Intervention de Jean Desessard

Réunion du 31 mars 2005 à 9h30
Aéroports — Question préalable

Photo de Jean DesessardJean Desessard :

Le second argument porte sur les besoins de fonds propres pour moderniser ADP, en particulier la plateforme de Roissy. Dans le statut actuel, ADP doit recourir à l'emprunt pour réaliser ses investissements, ce qui implique des frais financiers importants.

Prenons le temps d'analyser les économies qui seraient réalisées dans le cadre du changement de statut.

Premier cas de figure : l'Etat reste majoritaire quasiment à 100 % dans la future société anonyme. C'est donc lui qui avance les fonds. Alors, pourquoi ne le fait-il pas aujourd'hui ?

Second cas de figure : la part des capitaux privés est importante dans la future SA, ce qui entraîne effectivement une économie sur les frais bancaires. Mais, dans ce cas, il ne faut pas oublier de rémunérer les actionnaires, et l'actualité économique de cette dernière semaine a montré qu'ils étaient particulièrement voraces.
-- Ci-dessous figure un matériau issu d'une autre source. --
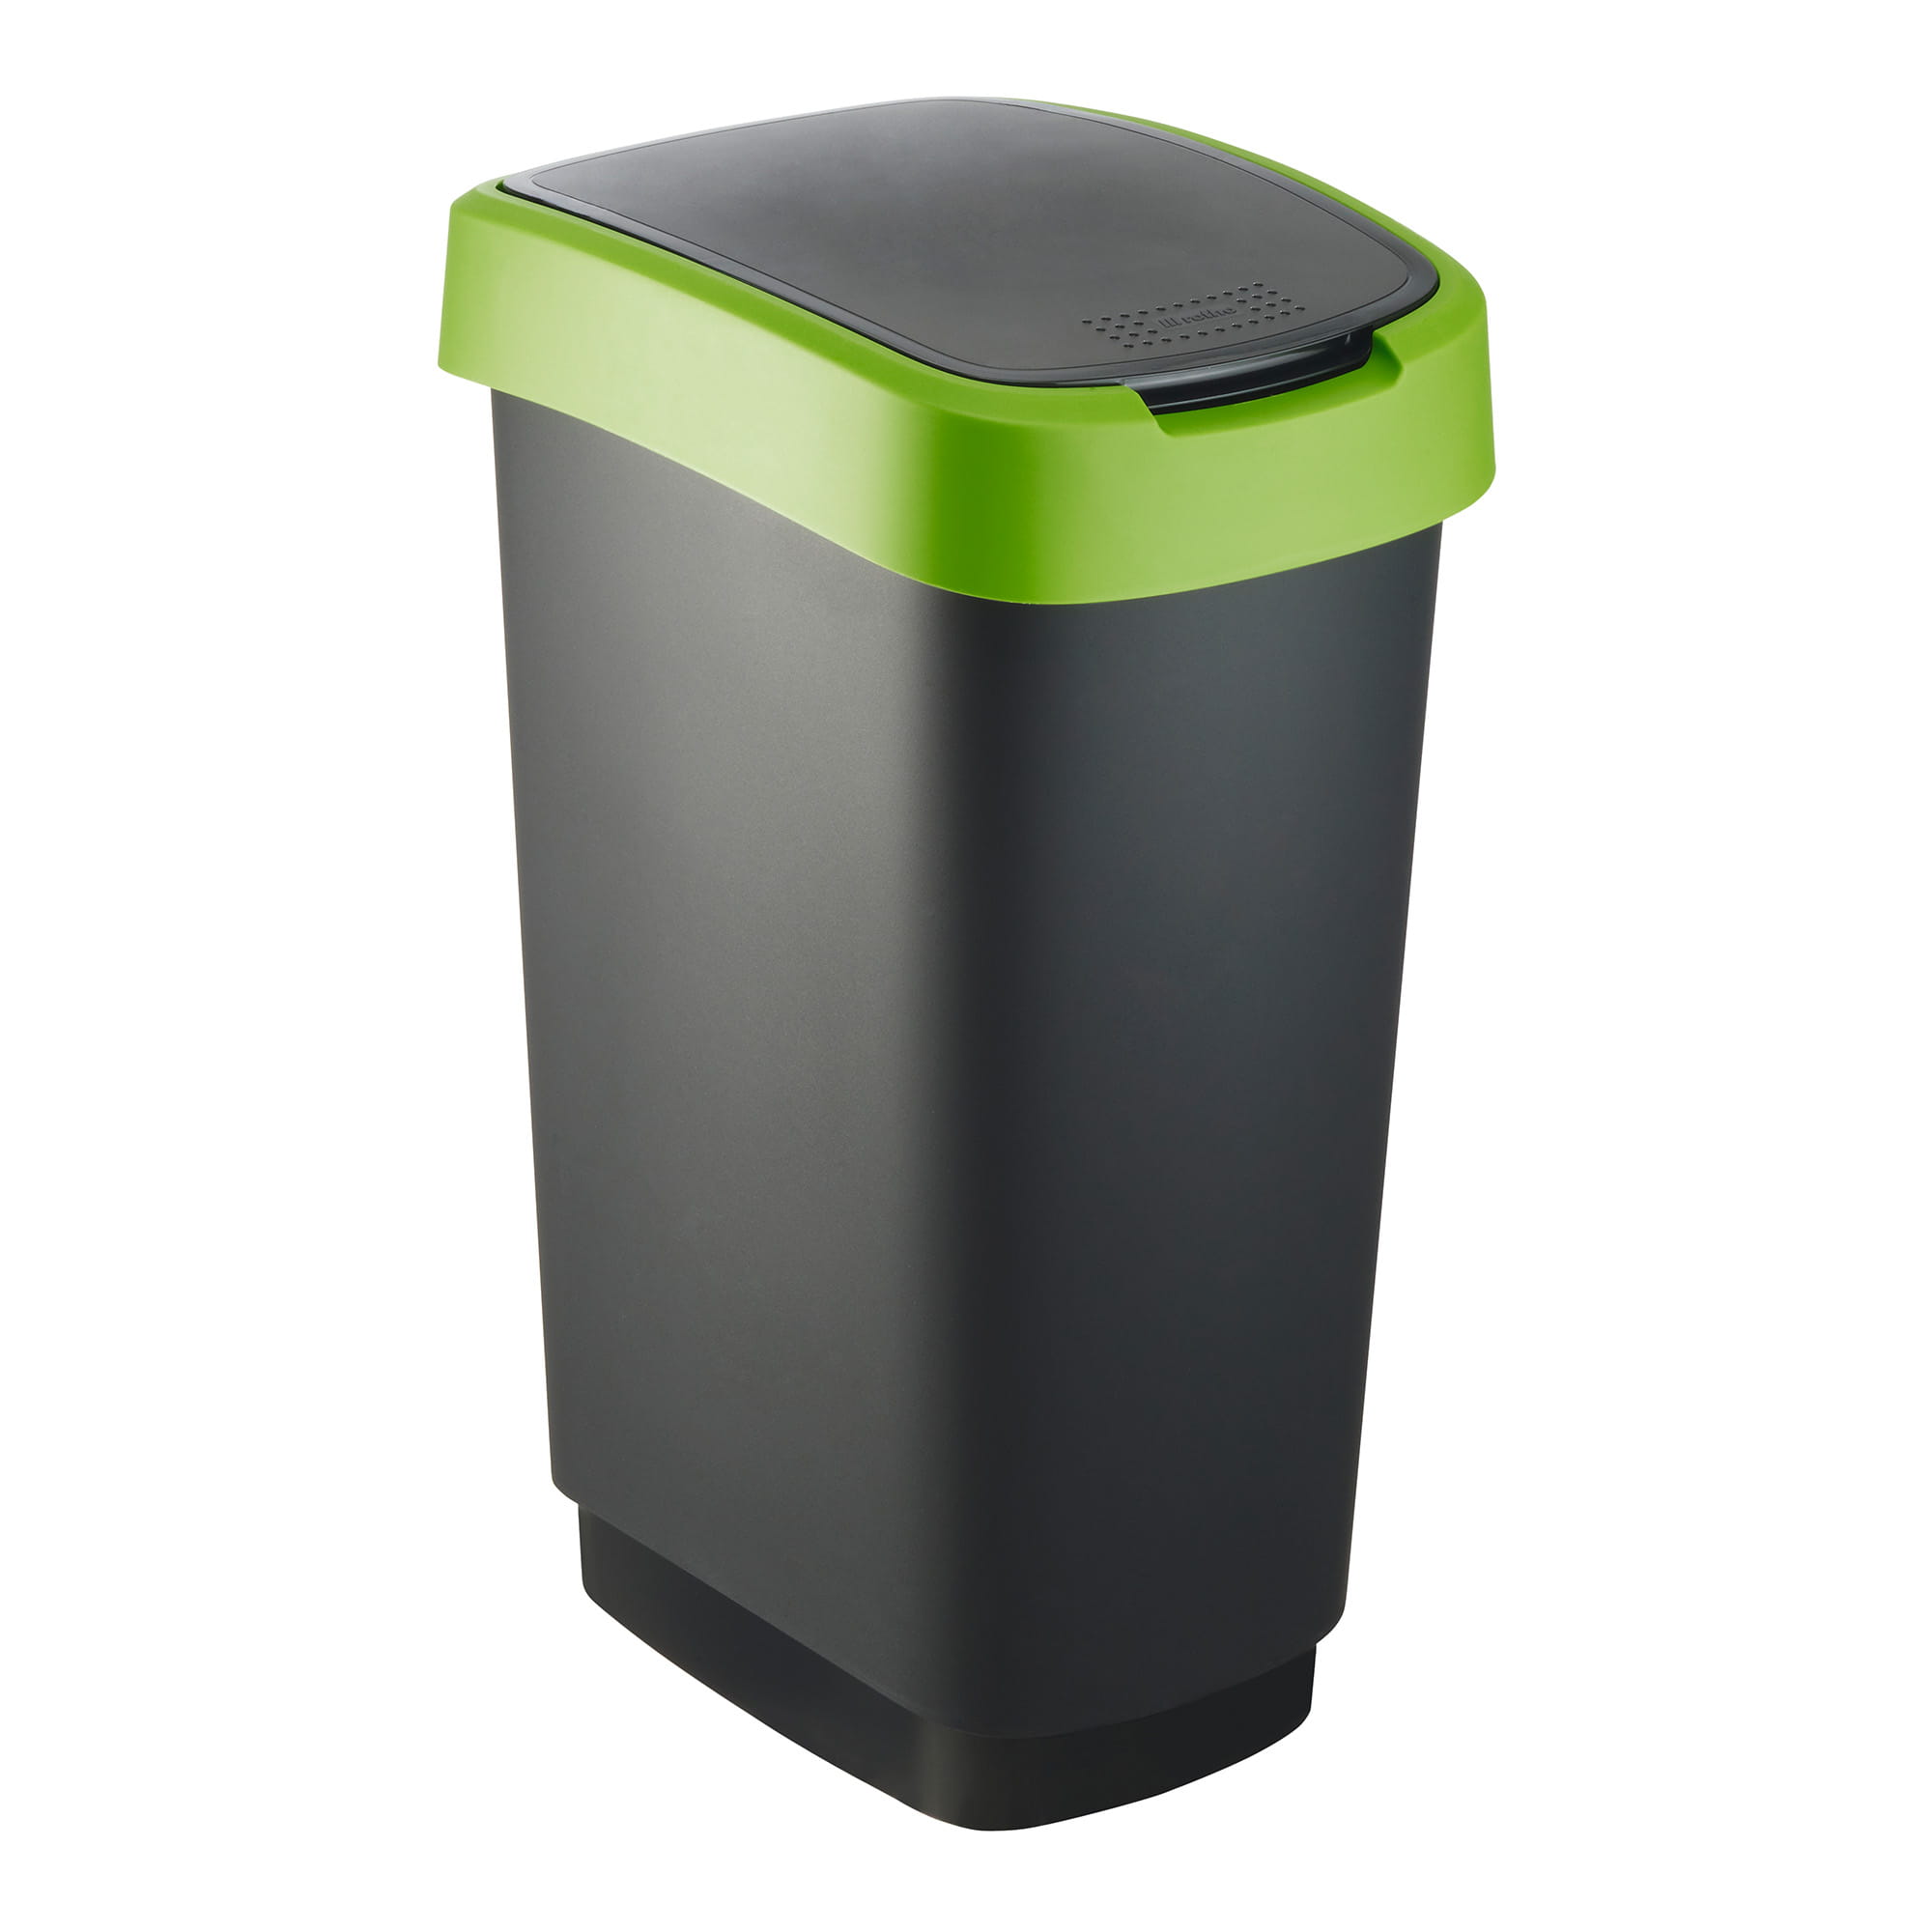 RothoPro Twist Abfallbehälter 50 Liter schwarz/grün 59135445_1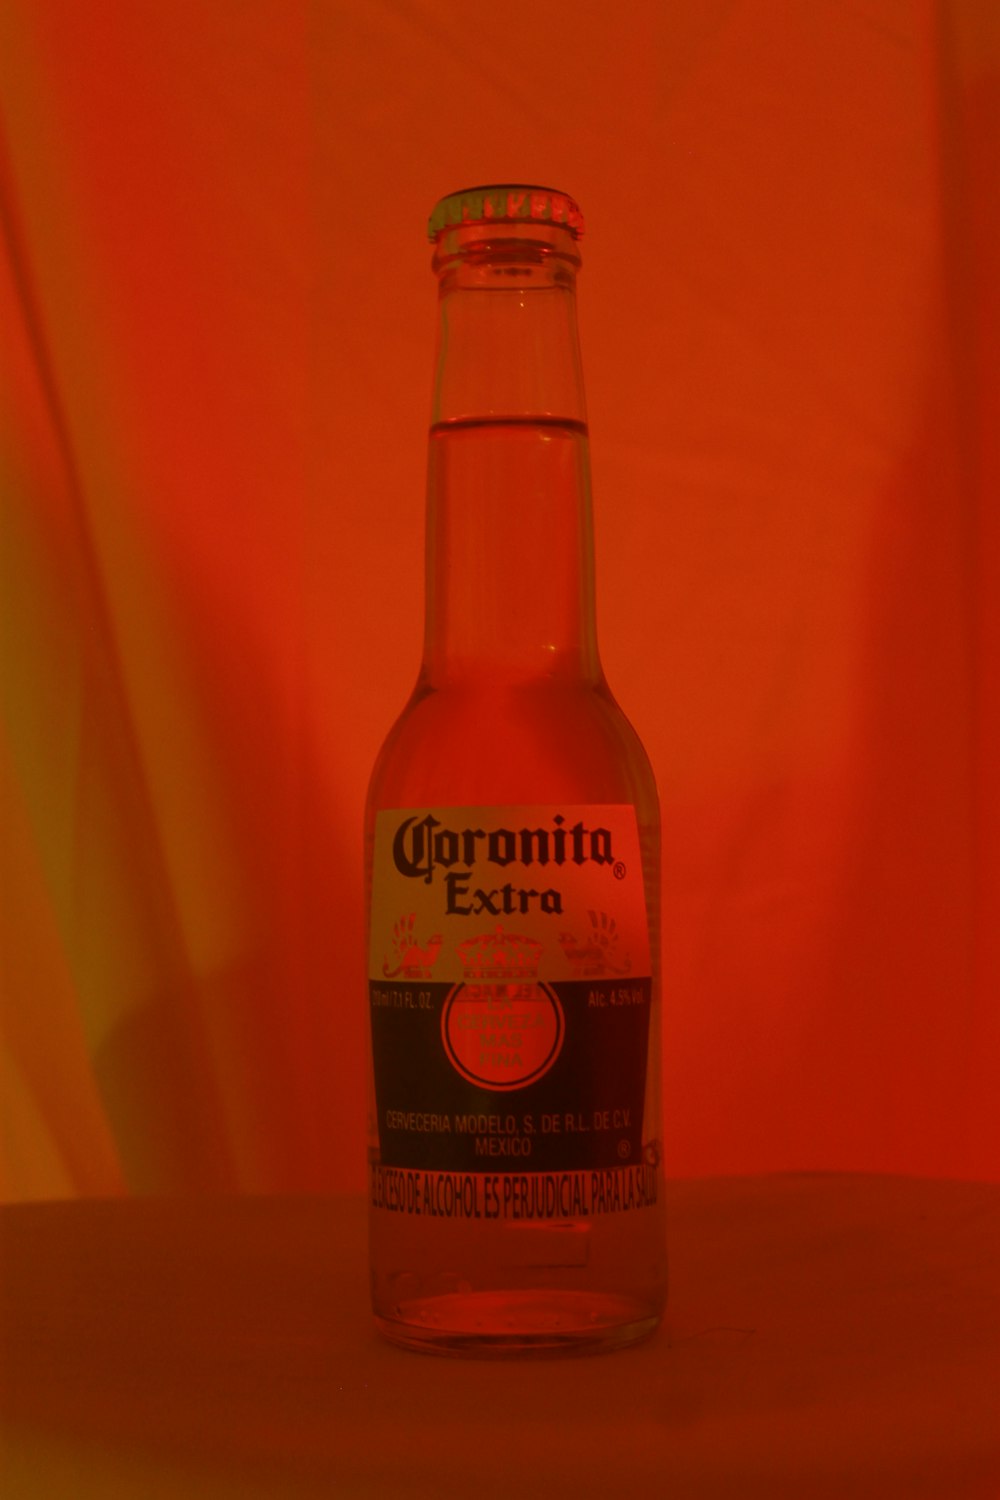 Botella con etiqueta naranja y blanca

Il n'est donc pas certain que la rémunération des actionnaires soit moins importante que le remboursement des emprunts garantis par l'Etat, d'autant que, pour attirer ces actionnaires, le projet de loi prévoit de céder le patrimoine foncier à la future SA.

En résumé, les investissements futurs seront en réalité financés par la vente du domaine public d'ADP.

Qu'un Etat en situation financière difficile ou lourdement endetté vende le patrimoine pour faire face à ses responsabilités n'est pas nouveau. Mais alors pourquoi baisser les impôts ? Si la crise est si importante, pourquoi se priver de recettes fiscales ?

Cette volonté de céder le patrimoine correspond davantage à une position idéologique libérale et est contraire à toute logique financière rigoureuse.

La privatisation d'ADP pose également deux problèmes importants : celui de l'aménagement du territoire et celui du respect de l'environnement.

Privatiser ADP signifie que c'est la logique de rentabilité économique qui primera. ADP aura un développement économique autonome, alors qu'un développement complémentaire et harmonieux avec celui des autres aéroports régionaux est absolument nécessaire à la cohérence de gestion que l'Etat doit maintenir entre les différents aéroports.

Cette volonté de cohérence doit s'exercer entre tous les moyens de transport. Pour assurer la fluidité de circulation au niveau du territoire, il faut prévoir une complémentarité entre le train et l'avion et non pas laisser se développer une concurrence, à terme contre-productive. Les transports français ont besoin de schémas directeurs qu'il sera impossible de mettre en place en privatisant ADP.

Parlons des problèmes d'environnement.

J'ai entendu le président d'ADP qui projette de capter de nouveaux marchés au détriment des autres aéroports européens. Je ne partage pas cette volonté de développement effréné. Il ne se passe pas une semaine sans que le Président Jacques Chirac prenne position pour la défense de l'environnement, en particulier en s'inquiétant du réchauffement climatique dû aux gaz à effet de serre. Mais de telles déclarations sont démagogiques si elles ne s'accompagnent pas de mesures concrètes et efficaces.

Nous savons tous que le transport aérien est particulièrement polluant et qu'il contribue fortement à l'augmentation des gaz à effet de serre, et donc au réchauffement climatique.

Le respect du protocole de Kyoto, cette volonté écologique de développement raisonnable du transport aérien, est-elle compatible avec la volonté de rentabilité et de développement qu'implique la privatisation d'ADP ?

Et je n'insiste pas sur les nuisances sonores qu'entraînera pour les riverains d'ADP un accroissement du trafic.

En conclusion, nous aurions pu moderniser le statut d'établissement public, par exemple en instituant un statut d'établissement public à vocation internationale. Au contraire, nous bradons le patrimoine. ADP s'inscrira dans une logique de rentabilité économique, alors que le respect de l'environnement, de l'aménagement du territoire, et des riverains, aussi, tout comme la complémentarité entre le rail et l'avion exigent un développement maîtrisé et harmonieux.

Aujourd'hui, par ce projet de loi, l'Etat abandonne sa responsabilité de régulateur. C'est pourquoi nous vous demandons, chers collègues, d'adopter cette motion tendant à opposer la question préalable.